Newly released surveillance video shows sheriff's deputies arriving at Andrew Brown Jr.'s North Carolina home before he was fatally shot, CBS News' Manuel Bojorquez reports.. 

A judge plans to hear arguments Wednesday to decide if body camera video from the killing should be made public. The FBI is also launching a civil rights investigation into the case. 

The new footage shows a team of deputies riding a sheriff's department truck on its way to arrest Brown on drug charges. The video takes place just seconds before Brown was shot. 

Family attorney and civil rights lawyer Ben Crump said the video showed a militarized police force rushing to kill Brown.

Just moments later a previously released video shows deputies surrounding Brown's car, riddled with bullets after it hit a tree. 

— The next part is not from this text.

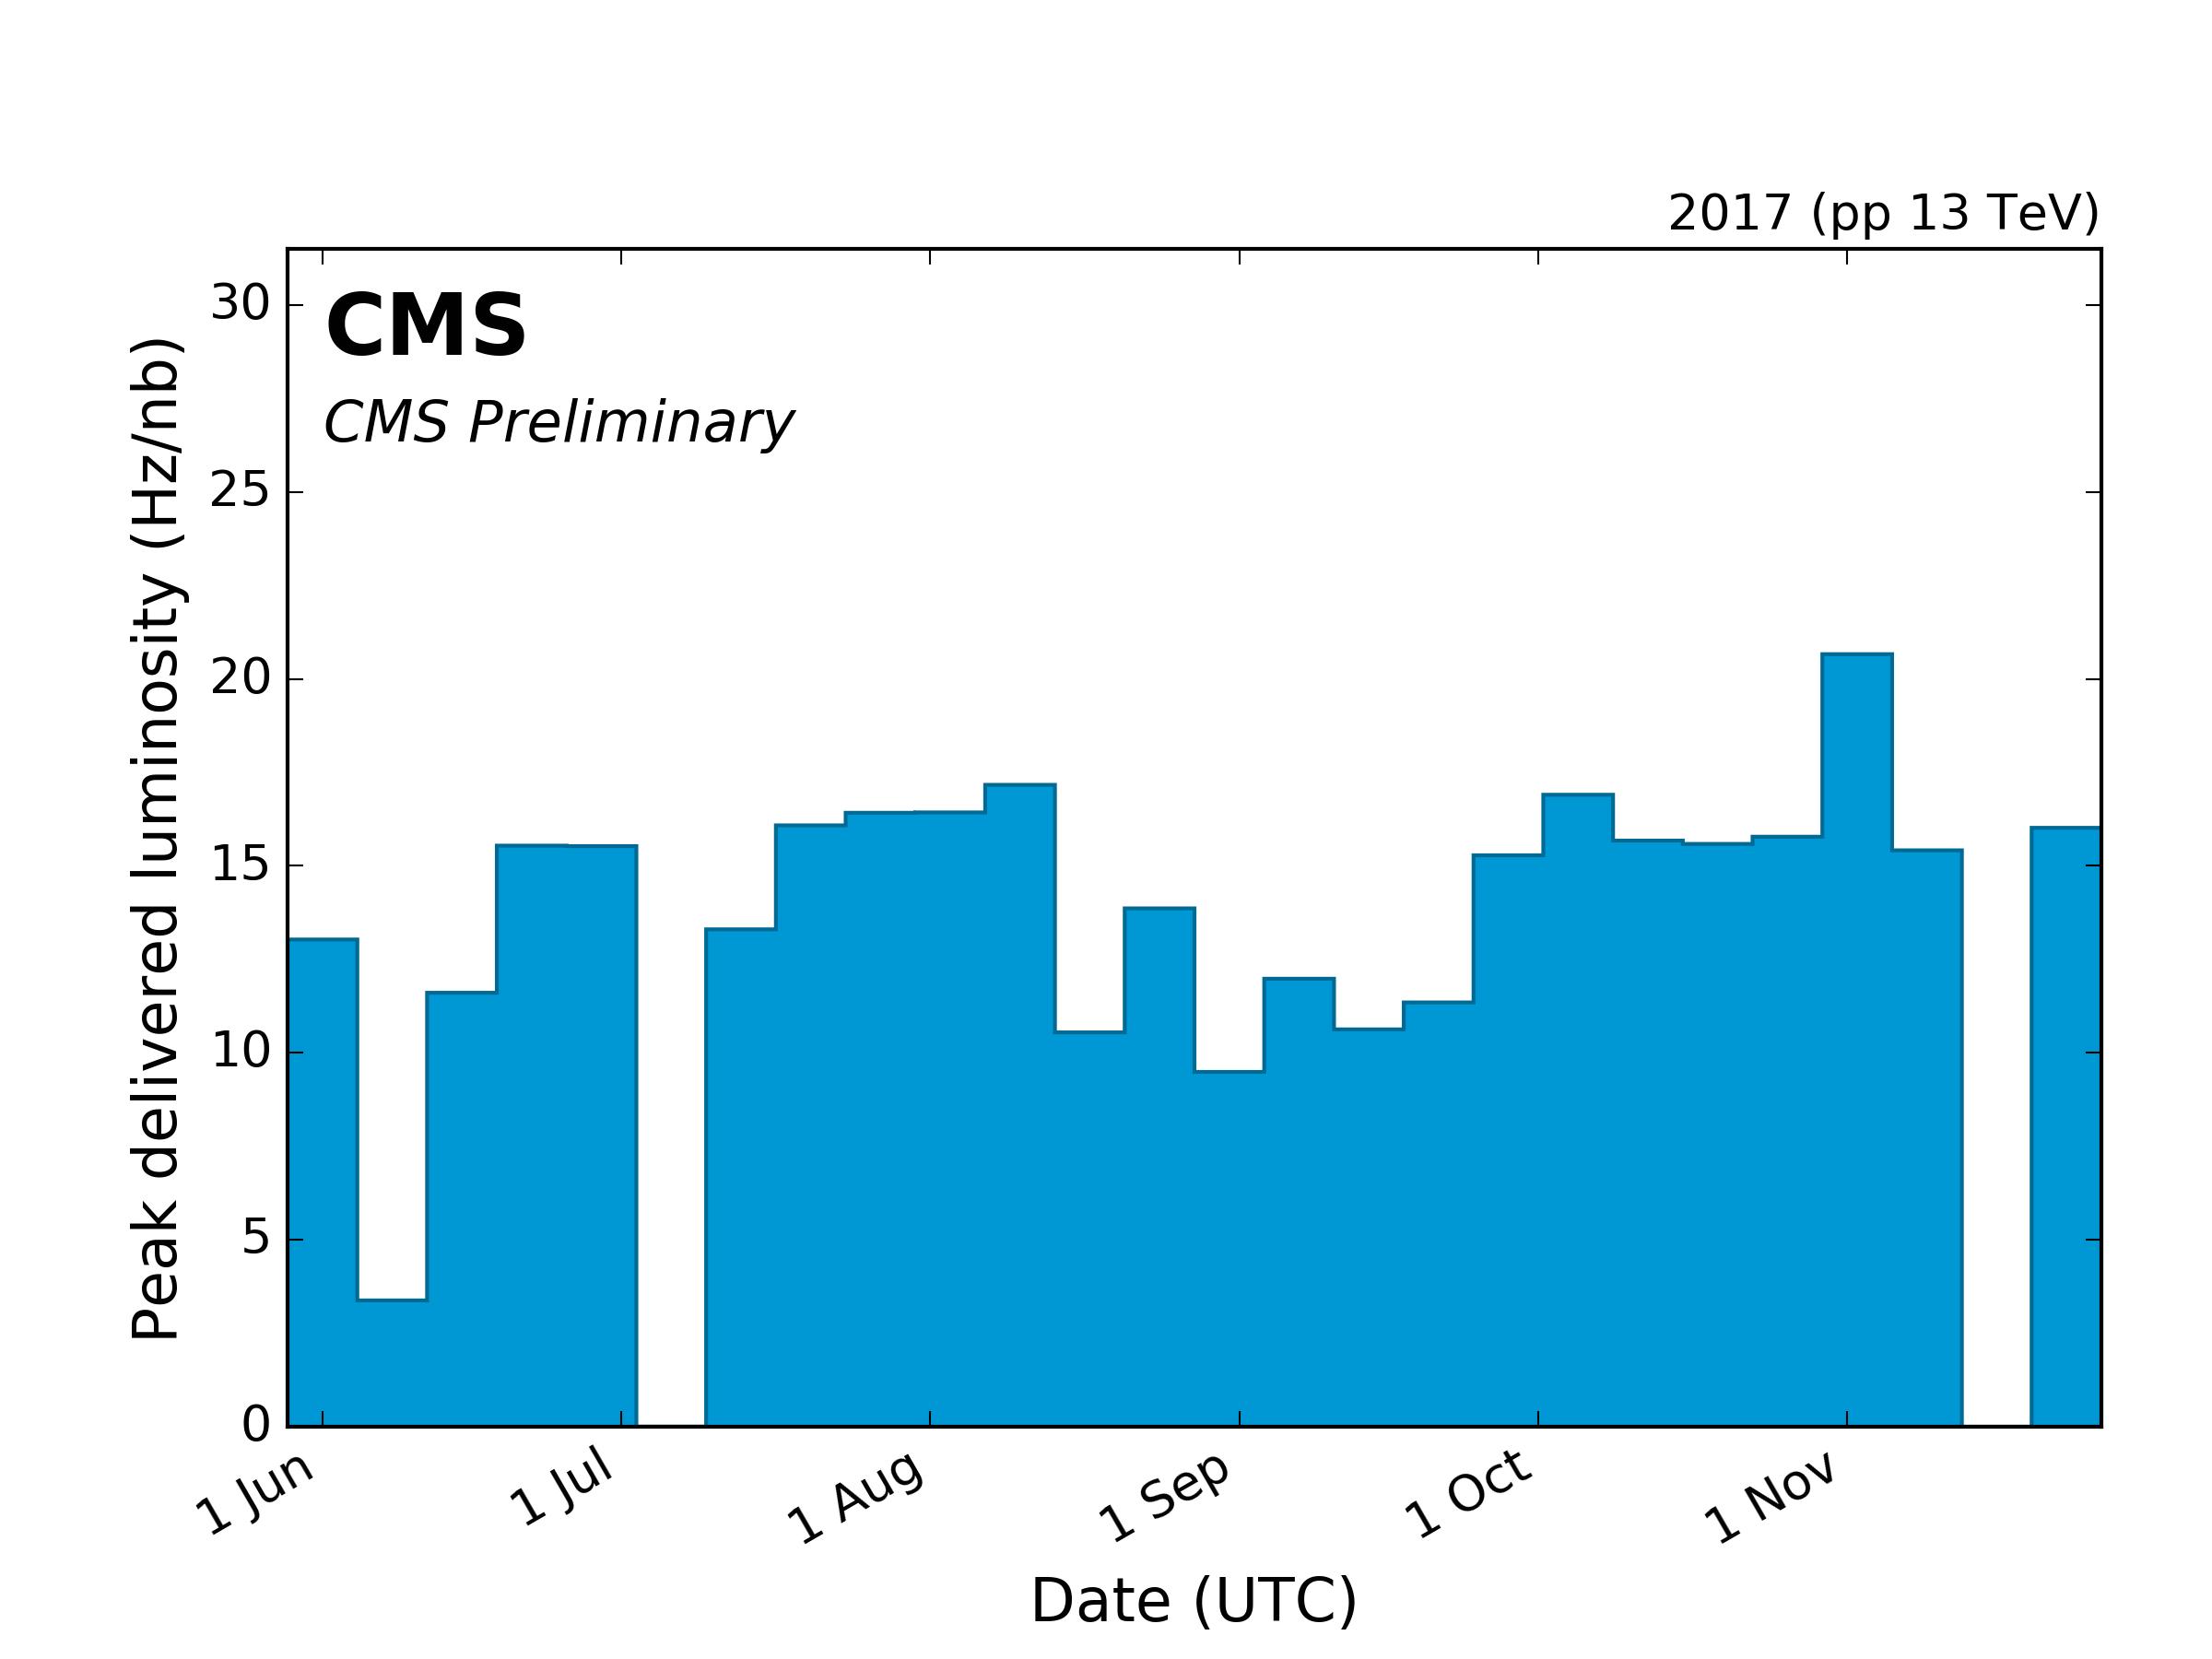 https://cern.ch/cmslumi/publicplots/peak_lumi_per_week_pp_2017NormtagLumi.png

The crucial events between the two videos is on the not-yet-released body camera footage. Brown's family, who viewed a portion of the video, says it will show an execution.

Crump and other attorneys released an independent autopsy, which shows Brown suffered five gunshot wounds — four to the arm, and one fatal shot to the back of the head.

Crump called the latter a "kill shot."

Brown's son Khalil Ferebee saw 20 seconds of bodycam footage Monday. 

"It's obvious he was trying to get away. It's obvious! And they're gonna shoot him in the back of the head? Man that sh** not right. That's not right at all man," Ferebee said at the time.

Police arrested several protesters for defying a city curfew that went into effect Tuesday. Many people who spoke with CBS News said the curfew is unnecessary because protests have been peaceful, as residents demand the release of footage which could show the crucial moments in Brown's death.

Under North Carolina law, according to the county sheriff, a judge must sign off on the public release of body cam video.

However, even if the judge decides Wednesday to make the video public, there is no guidance on when that would happen.

Meanwhile North Carolina Governor Roy Cooper wants a special prosecutor to take over the case, to ensure it is conducted without bias.